Mas alguns democratas não estão dispostos a pressionar os sindicatos. A medida do Partido Republicano acabou sendo bloqueada pelo senador progressista Bernie Sanders, que foi duas vezes candidato à indicação presidencial democrata. O independente de Vermont criticou as empresas ferroviárias por faturarem bilhões em lucros e concederem milhões a seus CEOs em compensação, impondo condições de trabalho desumanas.
“A questão-chave nas negociações atuais não são os salários. Eles são sobre as condições de trabalho na indústria que são absolutamente inaceitáveis e quase inacreditáveis”, disse Sanders, criticando a falta de licença médica oferecida a alguns funcionários e um sistema que exige que muitos estejam de plantão para trabalhar em trens 24 horas. um dia por dia e sete dias por semana.
Arthur Wheaton, diretor de Estudos Trabalhistas do ILR Worker Institute da Cornell University, disse que anos de corte de custos e consolidação no setor ferroviário antecederam a pandemia e levaram ao atual impasse.
“As ferrovias se esforçaram muito para reduzir o número de funcionários e reduzir ativamente o número de pessoas que trabalhavam para elas como forma de aumentar seus lucros ou ter um maior retorno sobre o investimento para que pudessem obter mais investimentos de Wall Street”, disse Wheaton. . Mas essa redução da mão de obra causou uma deterioração nas condições dos trabalhadores, que já enfrentavam longas jornadas, e pode levantar preocupações de segurança devido às cargas perigosas que alguns trens transportam. O sistema “on call” mencionado por Sanders está no centro da disputa atual.

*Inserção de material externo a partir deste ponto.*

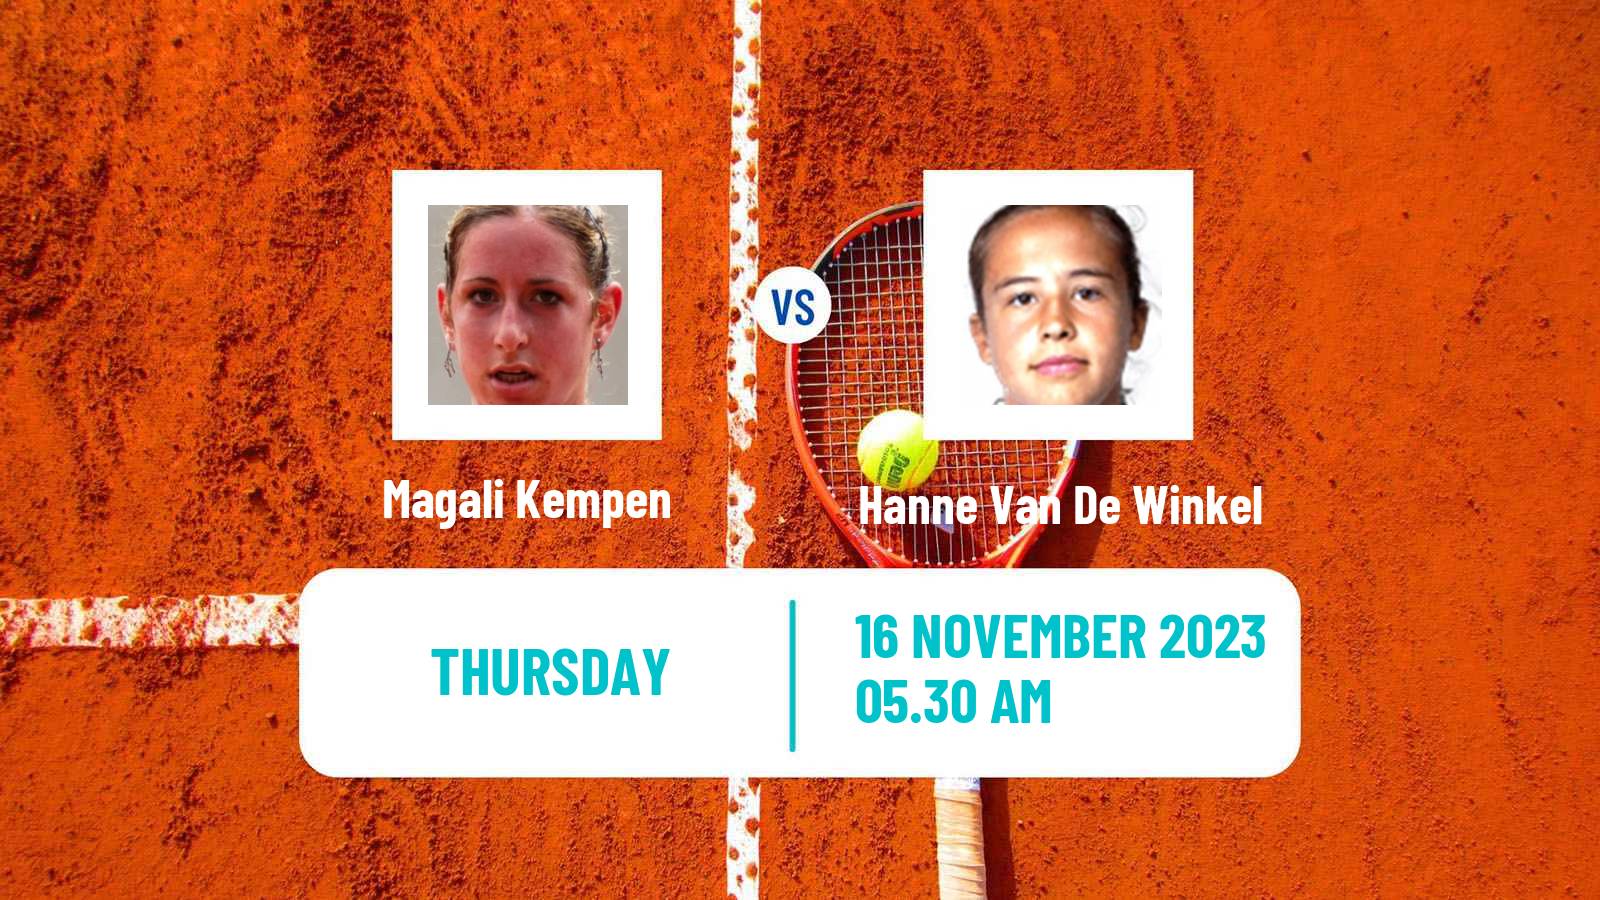 Tennis ITF W40 Petange Women Magali Kempen - Hanne Van De Winkel

“Isso não é sustentável para uma família ou sustentável para sua saúde a longo prazo. Você gostaria de poder ir para a cama sabendo que não precisa trabalhar nas próximas 12 horas, em vez de dizer: ‘Ah, tenho que esperar e ver se o telefone toca’, disse Wheaton.
A ameaça de fechamento de ferrovias teria sido a primeira grande greve no setor desde 1992, quando o Congresso se moveu com velocidade incomum para encerrar uma paralisação trabalhista após apenas dois dias em meio a graves consequências econômicas – incluindo demissões em minas que não podiam mais enviar seu carvão. A greve fechou quase todas as ferrovias de mercadorias e passageiros no país e, como no drama atual, ameaçou se tornar uma tempestade política em ano eleitoral.
Uma questão com essa nova disputa é se um Congresso cada vez mais polarizado poderia concordar com os termos para acabar com a ação industrial ou se uma crise econômica em erupção não deixaria legisladores rivais sem escolha.
Ao longo da história industrial da América nos séculos 20 e 19, greves ferroviárias muitas vezes eclodiram devido a baixos salários ou cortes salariais ou condições difíceis e perigosas. Muitas vezes foram esmagados pelo governo ou pelos barões da indústria, às vezes em meio a cenas de violência. Mas eles também estão escritos na tradição do movimento trabalhista. E também estabeleceram uma influência que se manifestou nas negociações entre sindicatos e chefes de empresas em Washington.
Naquela época e agora, a ameaça de fechamento de ferrovias por um período prolongado evoca repercussões econômicas tão terríveis que a disputa acaba se tornando uma grande questão política que os líderes da nação são chamados a ajudar a resolver – para seu próprio bem e o de todos.